12 This turbulent cosmic pinnacle lies within a stellar nursery called the Carina Nebula, located 7,500 light-years away in the constellation Carina. Note the three-light-year-tall pillar of gas and dust that is being eaten away by the brilliant light from nearby bright stars. 

13 This Hubble image of supernova remnant 0509-67
This Hubble image of supernova remnant shows soft green and blue hues of heated material surrounded by a glowing pink shell, which shows the ambient gas being shocked by the expanding blast wave from the supernova.

14 NGC 6302 has ejected its envelope of gases and is now unleashing a stream of ultraviolet radiation that is making the cast-off material glow. This object is an example of a planetary nebula.
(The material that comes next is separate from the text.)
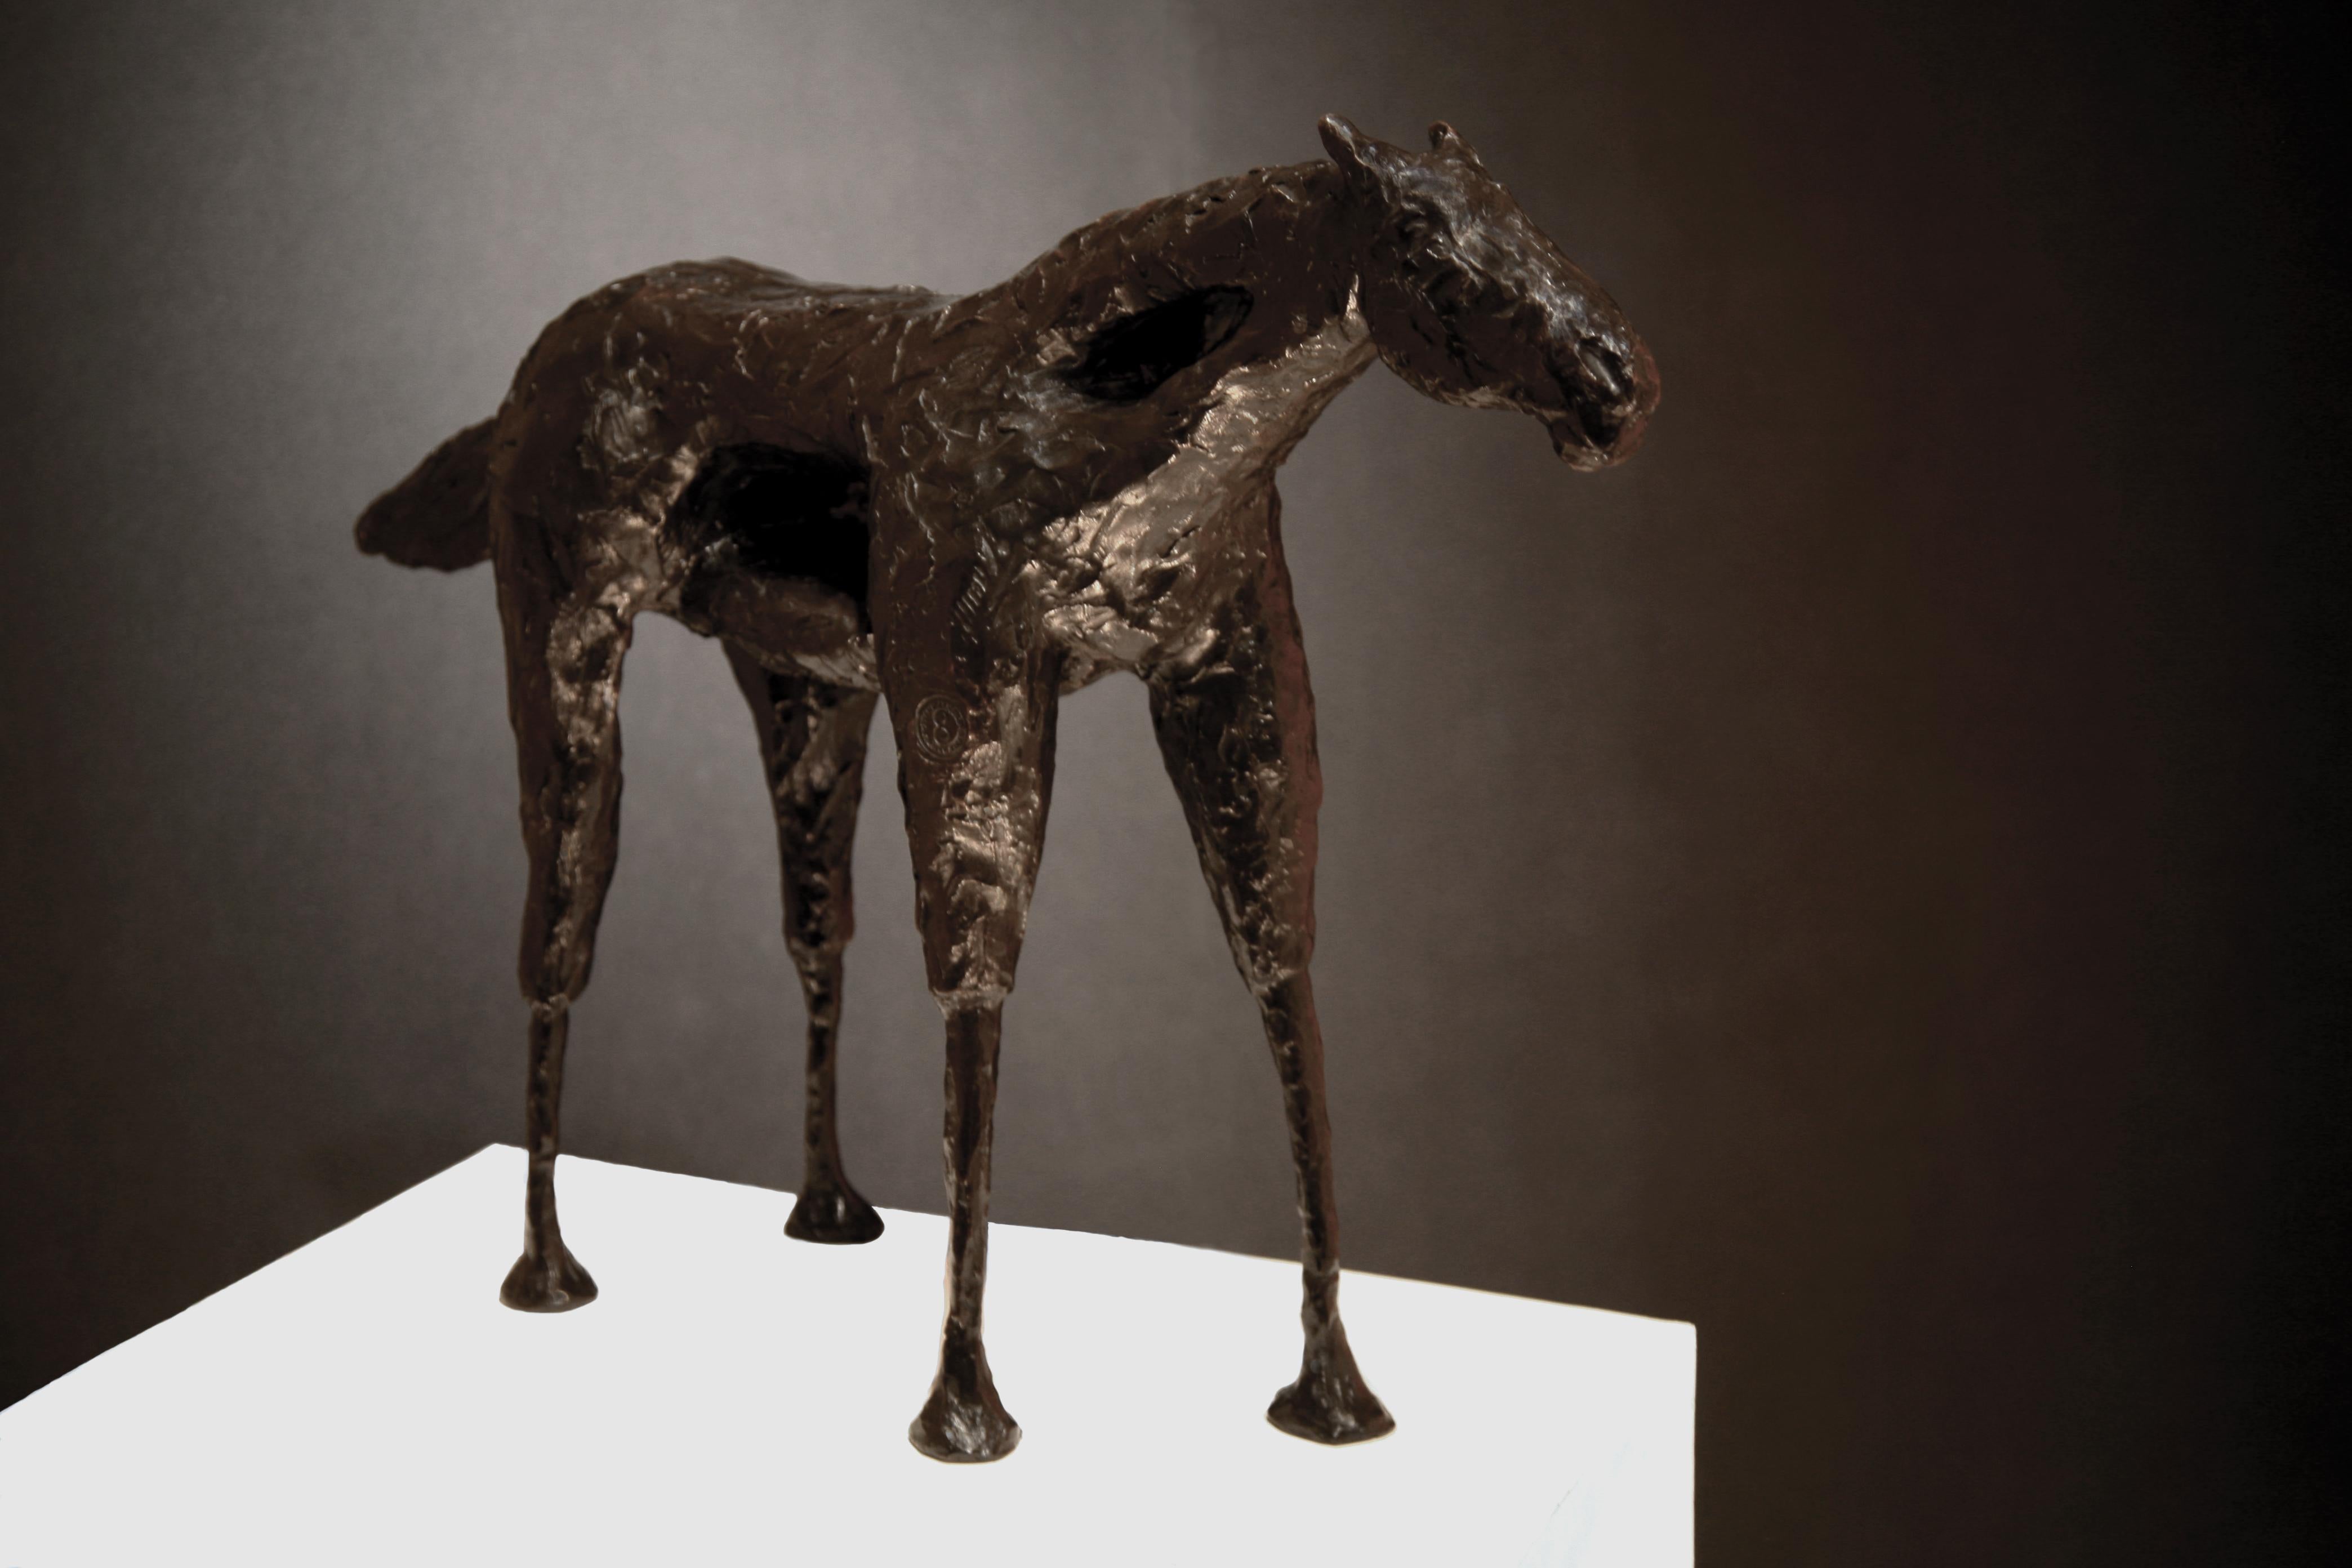 Caballo Arroyo (Bronze horse sculpture by Frank Arnold)

15 The towering pillars are about five light-years tall and are bathed in the blistering ultraviolet light from a grouping of young, massive stars located off the top of the image. Streamers of gas can be seen bleeding off the pillars as the intense radiation heats.

16 NGC 5189 shows a dying star expelling a large portion of its outer envelope. This material then becomes heated by the radiation from the stellar remnant and radiates, producing glowing clouds of gas. The central star now lives its final days as a white dwarf.

17 Hubble photographed a group of interacting galaxies called Arp 273
Hubble photographed a group of interacting galaxies called Arp 273. The larger of the spiral galaxies, known as UGC 1810, has a disk that is distorted into a rose-like shape by the gravitational tidal pull of the companion galaxy below it, known as UGC 1813.

18 This giant spiral disc of stars, dust, and gas is 170,000 light-years across or nearly twice the diameter of the Milky Way. The Pinwheel Galaxy, M101 is estimated to contain at least one trillion stars.

19 A bull's eye pattern of eleven or more concentric rings, or shells, surround the Cat's Eye Nebula. Each 'ring' is the edge of a spherical bubble seen projected onto the sky. Observations suggest the star ejected its mass in a series of pulses at 1,500-year intervals.

20 An expanding halo of light is seen around a distant star, named V838 Monocerotis (V838 Mon). The illumination of interstellar dust comes from the red supergiant star at the middle of the image, which gave off a flashbulb-like pulse of light in 2002.

21 This image shows a fine web of filamentary "bicycle-spoke" features embedded in the red and blue gas ring of the Helix Nebula, which is one of the nearest planetary nebulae to Earth.

22 A nearly perfect ring of hot, blue stars pinwheels about the yellow nucleus of an unusual galaxy known as Hoag's Object. The blue ring, which is dominated by clusters of young, massive stars, contrasts sharply with the yellow nucleus of mostly older stars. 

23 The Cone Nebula (NGC 2264) is giant pillar in a turbulent star-forming region 2,500 light-years away in the constellation Monoceros. Radiation from hot, young stars eroded the nebula over millions of years. Over time, only the densest regions of the Cone will be left. Inside these regions, stars and planets may form.

24 The Horsehead Nebula is part of a much larger complex in the constellation Orion. At about 1,500 light-years away, this complex is one of the nearest and most easily photographed regions in which massive stars are being formed.

25 The Hubble Ultra Deep Field is an image of a small area of space in the constellation Fornax. By collecting faint light over many hours of observation, it revealed thousands of galaxies, both nearby and very distant, making it the deepest image of the universe ever taken.

26 Messier 104 (M104) was named the Sombrero galaxy because of its resemblance to the broad rim and high-topped Mexican hat. As seen from Earth, the galaxy is tilted nearly edge-on. The galaxy is 50,000 light-years across and is located 28 million light-years from Earth.